Title: Testing the Principles and Functionality of #87 Differential Protection Relays with Relay Testers

Electric power systems rely on a variety of protection relays to keep them safe and secure from potential equipment damage or failure. One of the most important of these relays is the #87 Differential Protection Relay, which monitors the difference in currents between two points in a system to identify any internal faults or disruptions. To ensure that these relays are functioning properly, modern electrical testing equipment, such as relay testers, are essential.

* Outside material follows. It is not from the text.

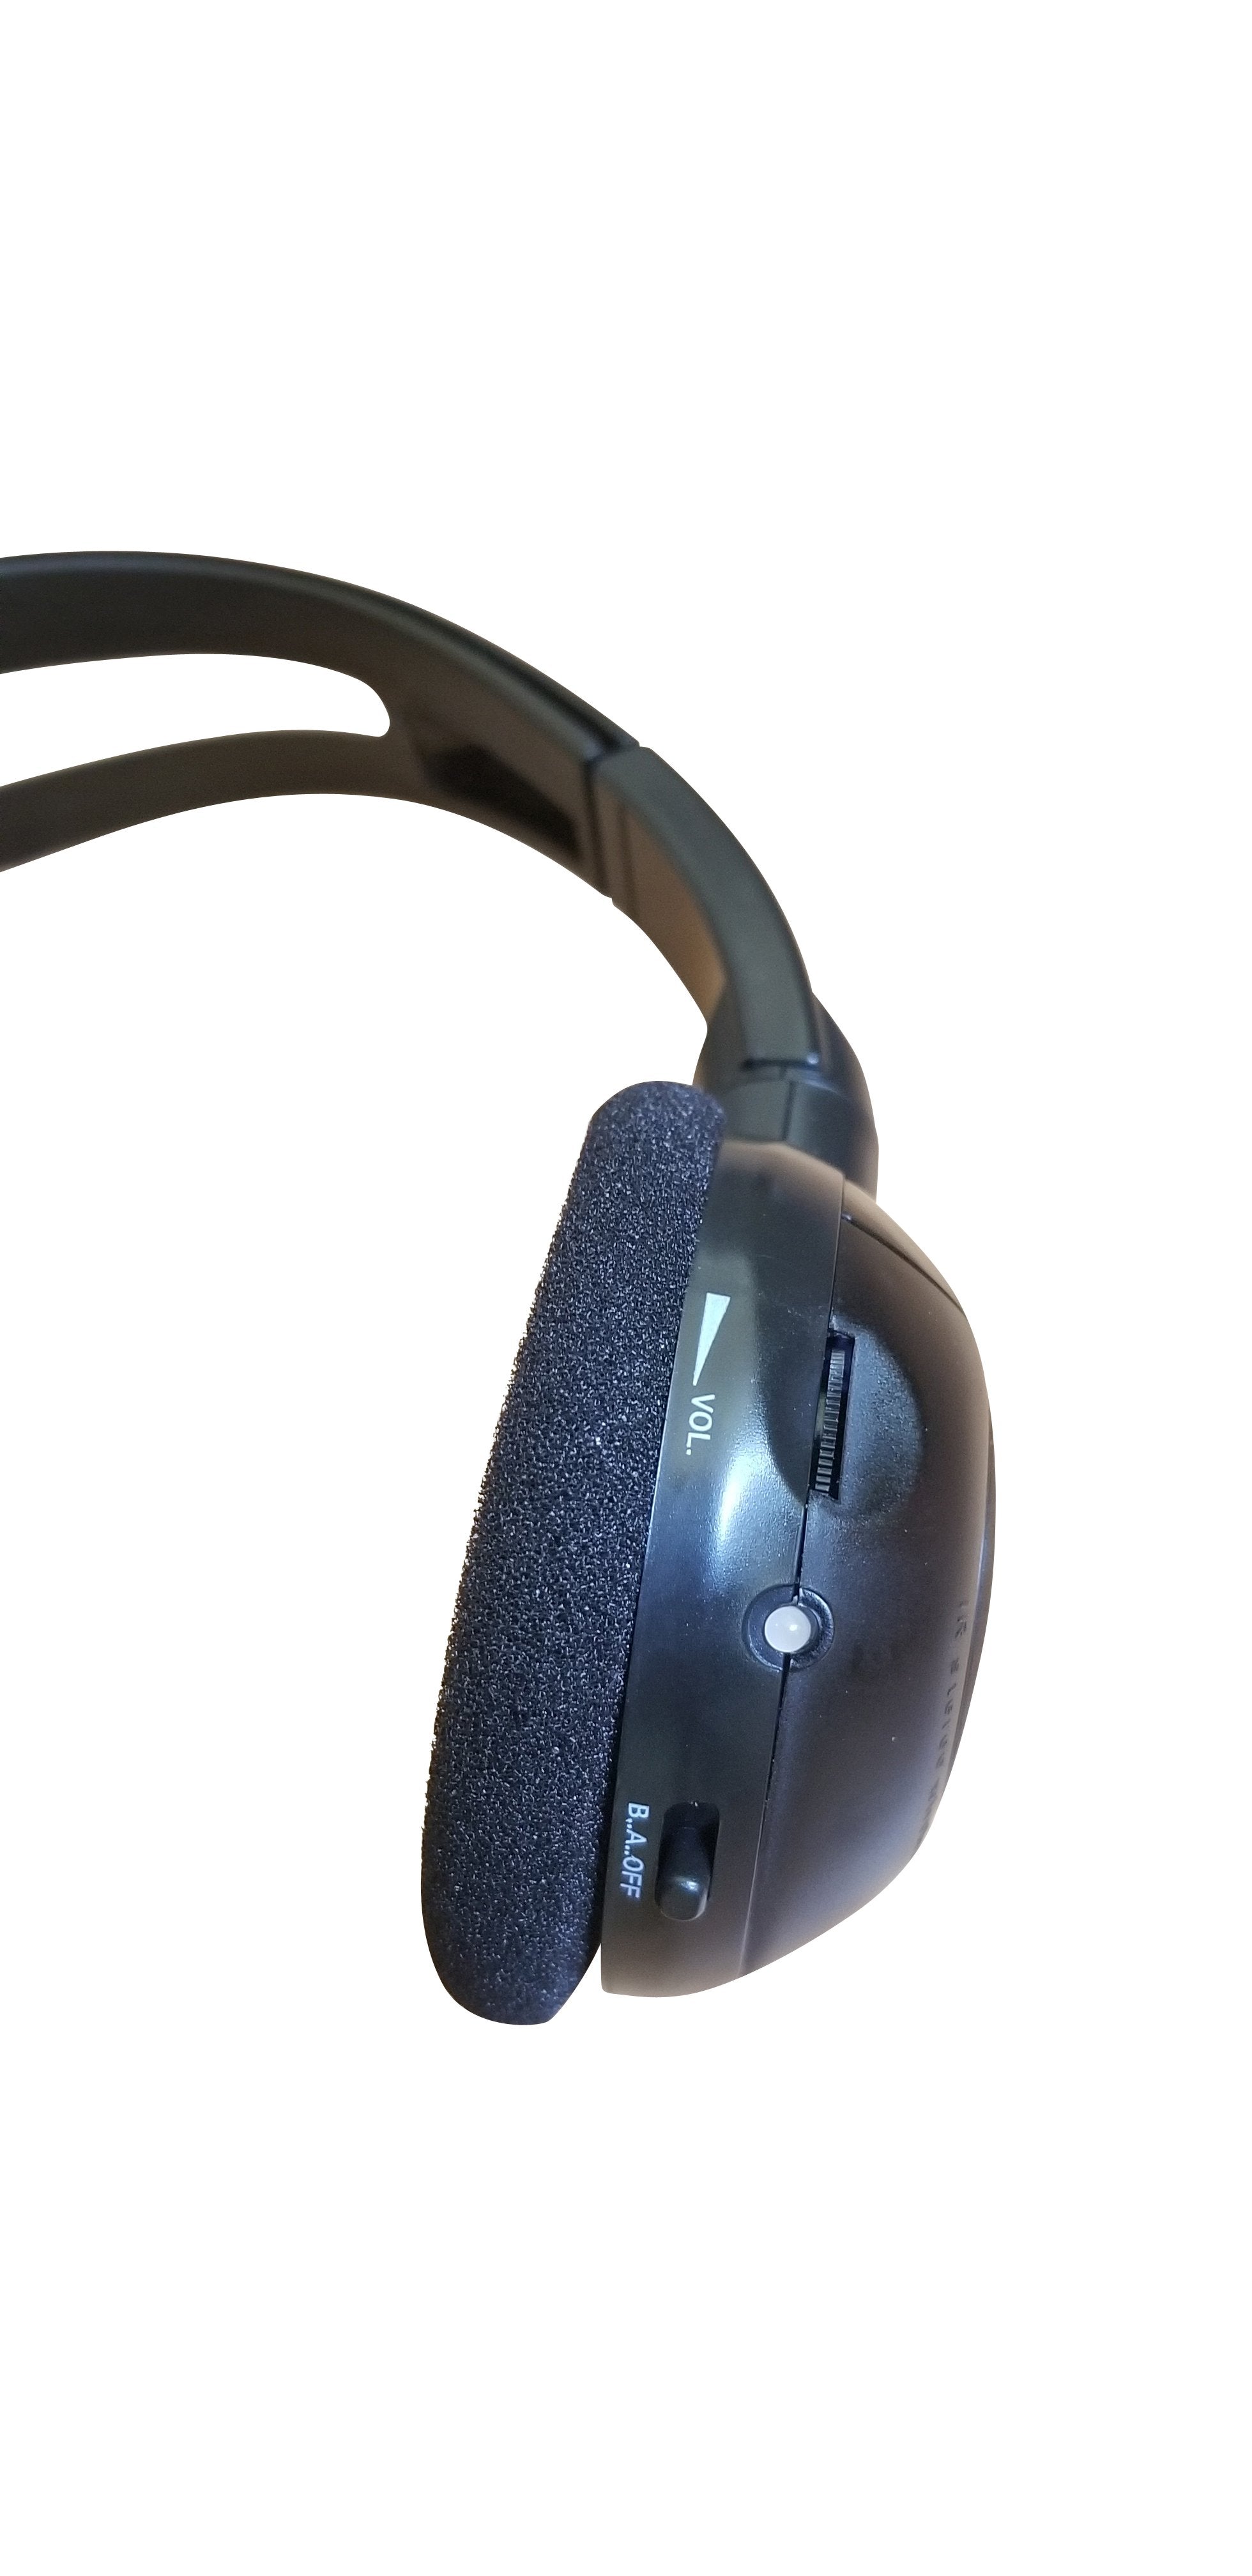 2012 GMC Savana Wireless DVD Headphone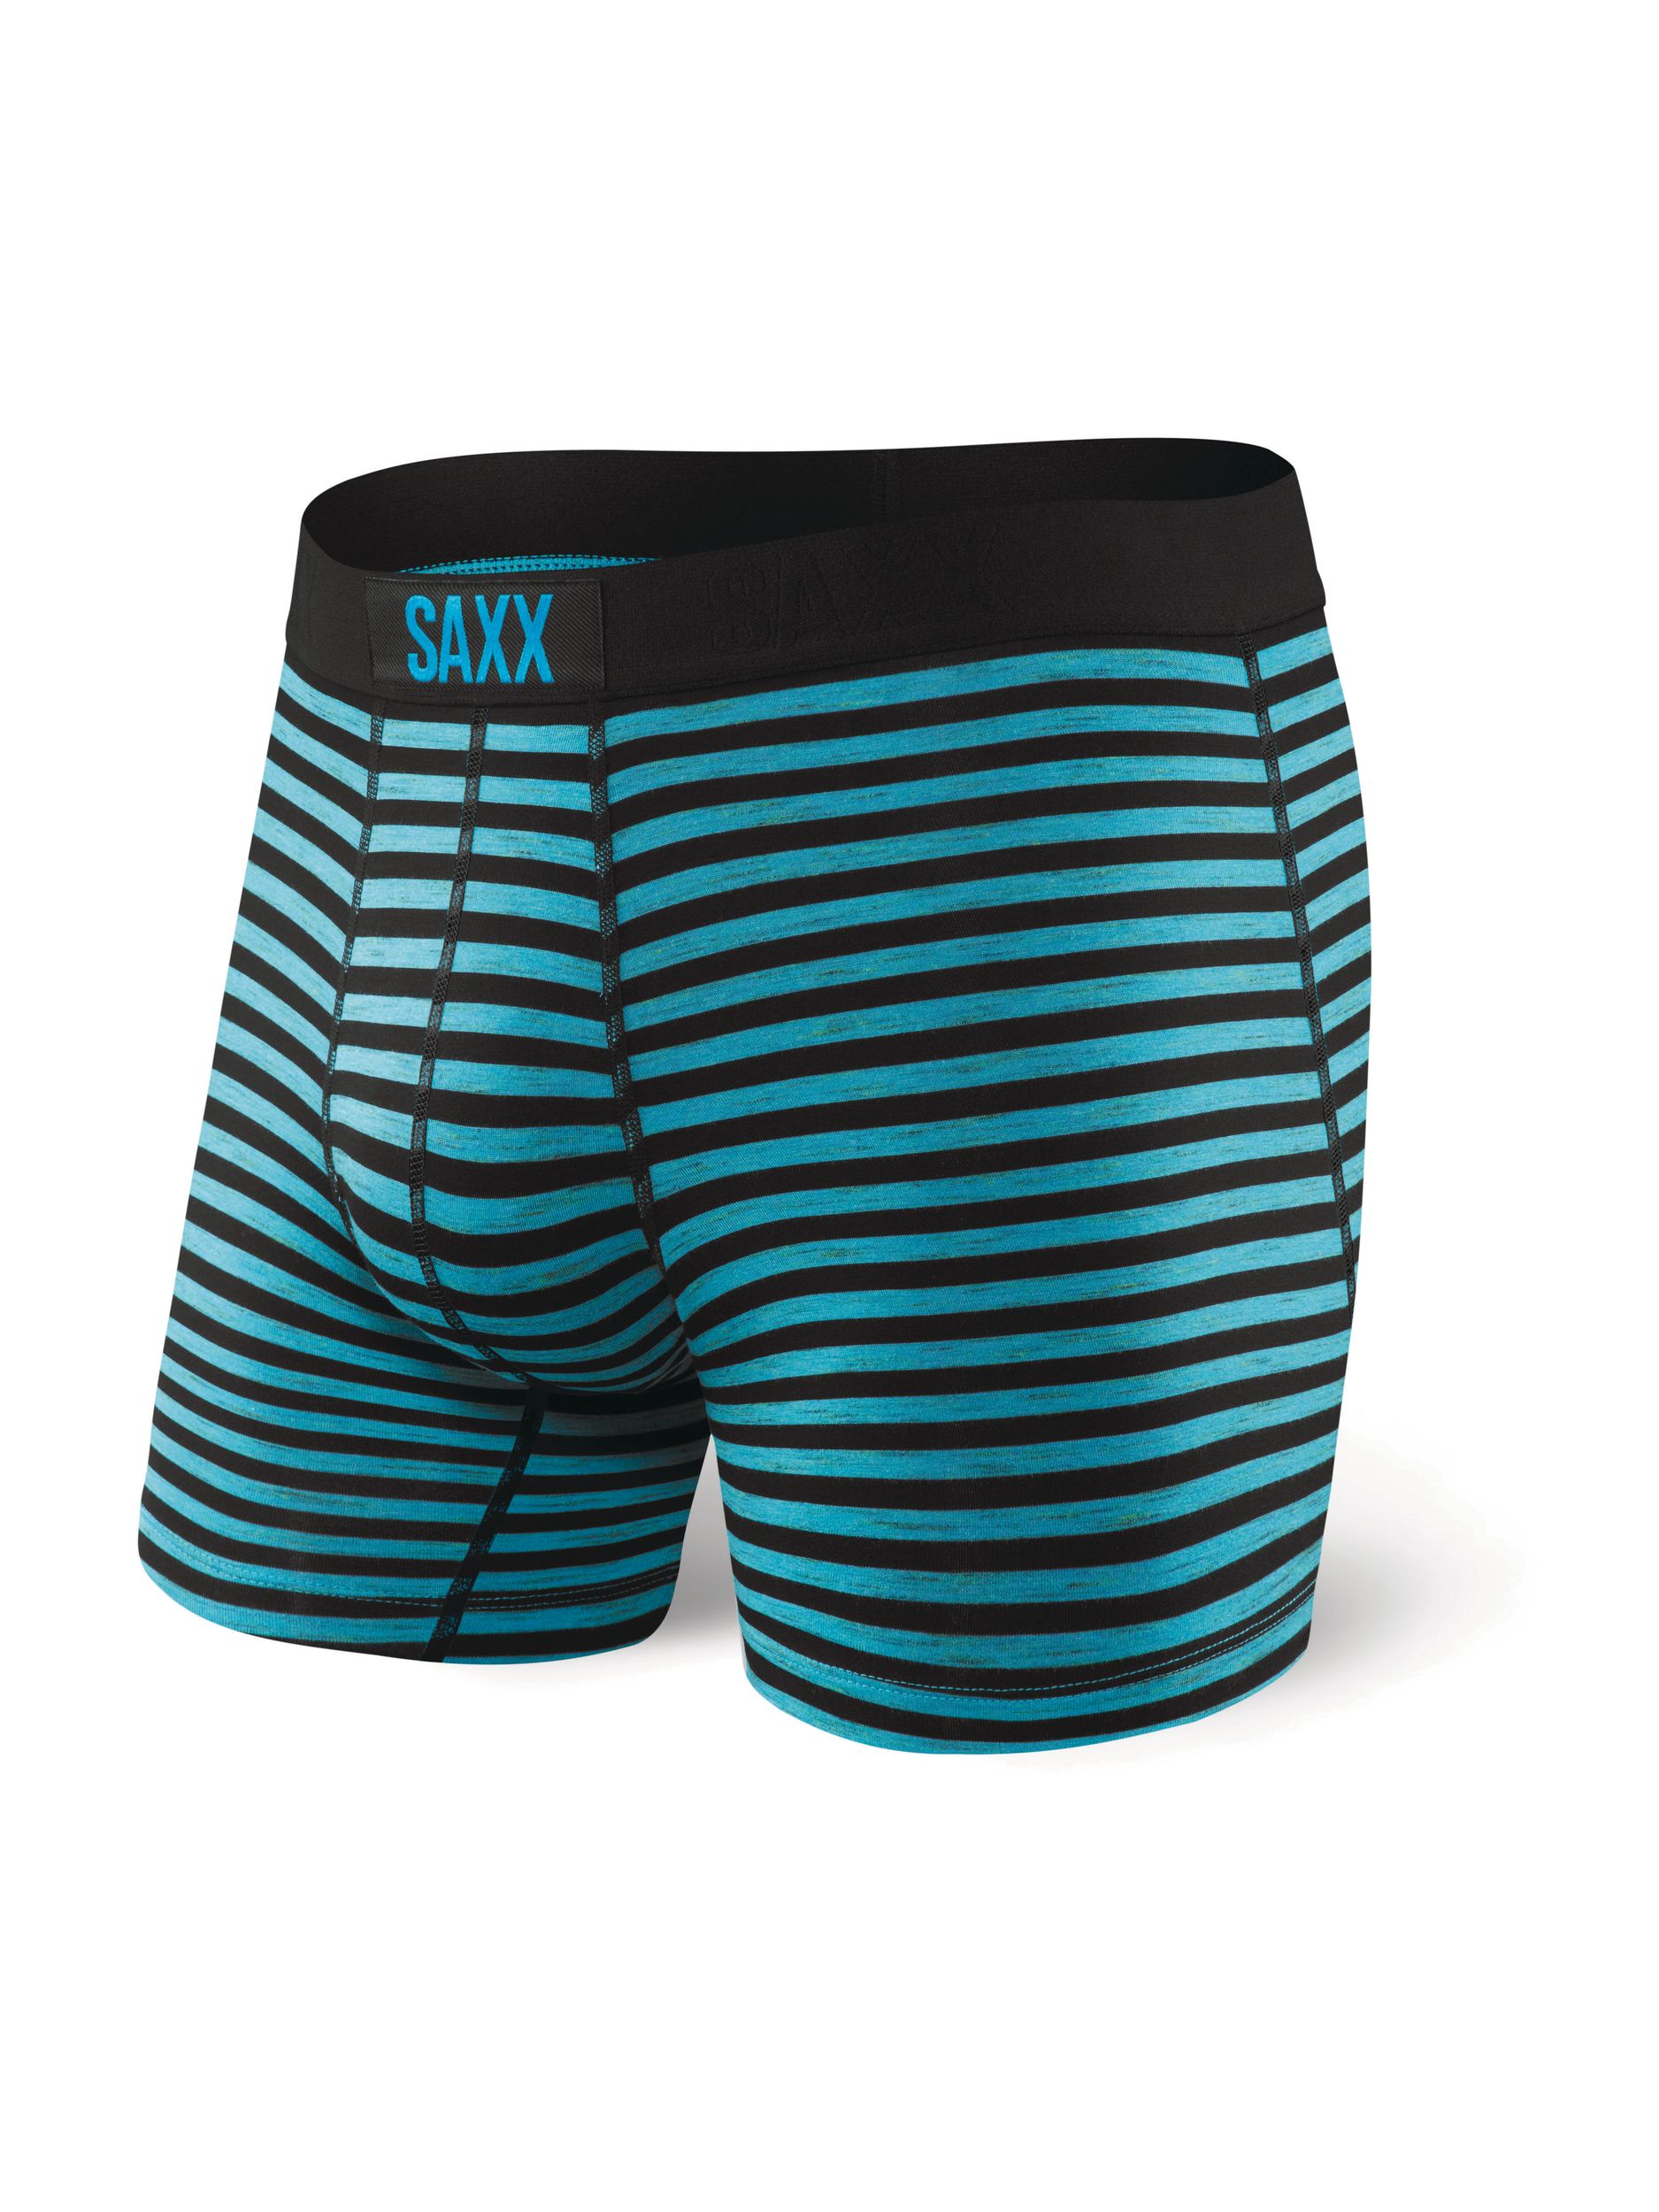 SAXX Vibe Men's Boxer Brief, Underwear, Breathable, Modern Fit | SportChek

In this article, we will explore the testing principles and procedures of #87 Differential Protection Relays using the Relay Testers. Specifically, we will focus on the Nari Line Protection and Main Transformer Protection Devices as examples. 

 

Protection Principles:

The #87 Differential Protection Relay operates through the principle of identifying an imbalance in the current flow between two points of a system. It recognizes these imbalances by measuring and comparing the currents from both points, typically using a current transformer. If a significant difference in the two current levels is observed, the relay activates to protect the system from potential equipment damage.

 

Testing Principles:

The testing of a #87 Differential Protection Relay focuses on ensuring that it can effectively identify current imbalances and duly provide protection. Relay test equipment such as Omicron's CMC 356 relay tester can simulate different fault conditions and, with advanced digital processing and analysis, troubleshoot relay relays or the systems they are protecting. 

 

Testing Connection:

Testing the relay involves disconnecting it from the power system and simulating various fault conditions using a relay tester. Applying a current signal to the relay under test and comparing the output with the input allows for the evaluation of the proper functionality of the relay. 

 

Testing Process:

The testing process begins by verifying the connection of the relay to the relay test equipment and then setting up the test parameters. The relay tester then simulates fault conditions and measures whether the relay is correctly identifying and responding to such faults. The test then repeats with multiple fault conditions to cover all potential scenarios.

 

Test Results & Analysis:

The test results will be in the form of tables and charts, which outline how well the relay is performing under different fault conditions. A comprehensive analysis of these results can identify areas where the relay may have failed and enable modifications to improve performance.

 

Conclusion:

 

Electrical protection systems require high accuracy and reliability, and relay testers provide an efficient and effective way of troubleshooting potential problems. The differential protection relay #87 that protects line equipment and Transformers are valuable components of power systems. Testing these protection relays regularly is crucial to maintain their functionality and ensure their ability to safeguard the electrical systems against various kinds of faults. The relay testers such as the CMC 356 of Omicron are capable of testing the performance of relays effectively and efficiently.